- Promotional poster
- Directed by: Supriya Sobti Gupta
- Written by: Supriya Sobti Gupta
- Produced by: Passion Pictures
- Production company: Passion Pictures
- Distributed by: Netflix
- Release date: 17 March 2023;
- Running time: 80 minutes
- Country: India
- Language: English

= Caught Out: Crime. Corruption. Cricket =

2023 Indian documentary film on the cricket match-fixing scandal

Caught Out: Crime. Corruption. Cricket is a 2023 Indian documentary film directed by Supriya Sobti Gupta and produced by Passion Pictures for Netflix. The film looks back at the match-fixing scandal that shook Indian cricket in the late 1990s and early 2000s, a period that changed how the game was seen by fans and players alike. It mixes interviews with journalists, administrators and former players with television footage and news clippings from the time.

== Synopsis ==
Set against India's cricket boom of the 1990s, the film follows the sequence of events that led to the exposure of match-fixing and betting in international cricket. It revisits the allegations that involved cricketers such as Mohammad Azharuddin, Ajay Jadeja, and Hansie Cronje, and the investigations that followed.

It also looks at how reporters and news editors uncovered what was happening behind the scenes. Through these accounts, the documentary captures the disbelief that swept through fans and the slow, painful process of rebuilding the game's reputation.

== Production ==
Supriya Sobti Gupta directed the film for Passion Pictures, which has produced several international documentaries. Gupta said she wanted to focus on the reporters who broke the story rather than retelling only the players’ side of events. The production used extensive archival footage, contemporary news reports and interviews recorded over several months. Gupta's approach stayed close to investigative journalism, avoiding dramatic reconstructions or narration.

== Release ==
The documentary premiered on Netflix worldwide on 17 March 2023.

== Reception ==
Caught Out received a generally positive response from reviewers, who praised its steady tone and research while noting that it could have gone further into the structural side of the scandal.

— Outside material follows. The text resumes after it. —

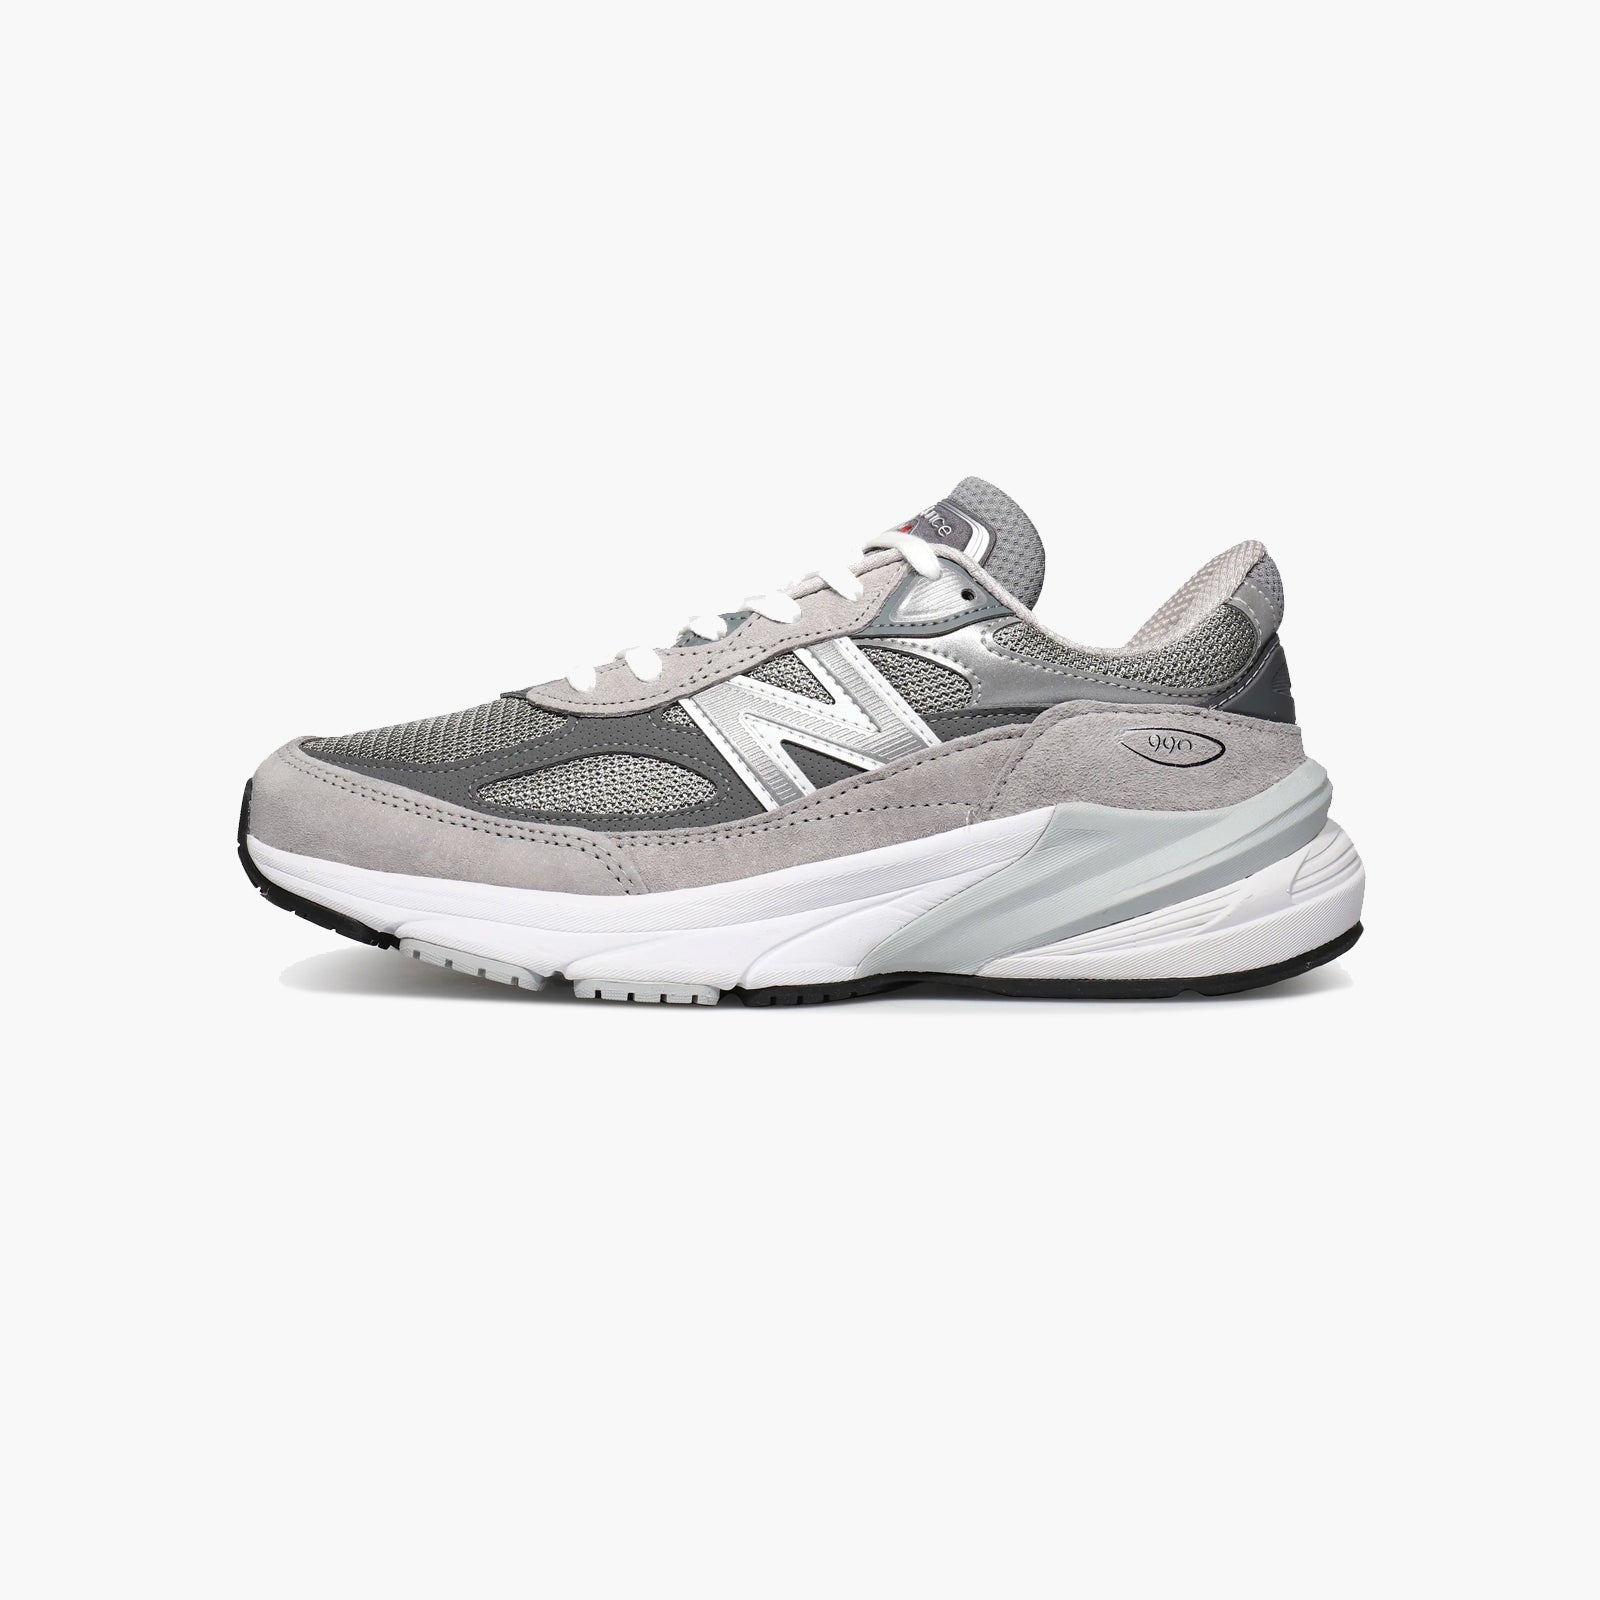 New Balance 990v6 Made in USA Women’s-SUEDE Store

The Hindu described it as "a cinematic retelling" of a major moment in Indian cricket, though it felt "incomplete" in parts. India Today called it "a test match where patience is key," commending its pacing and honesty. Deccan Chronicle called it "pitch perfect," praising its refusal to sensationalise the story. Rediff said the film works as "a reminder of a sport's loss of innocence." Firstpost noted that it was "a sincere attempt at a marvelling expose" that relies on facts rather than drama. Jagran wrote that it revisits "a painful but necessary" part of cricket history with care.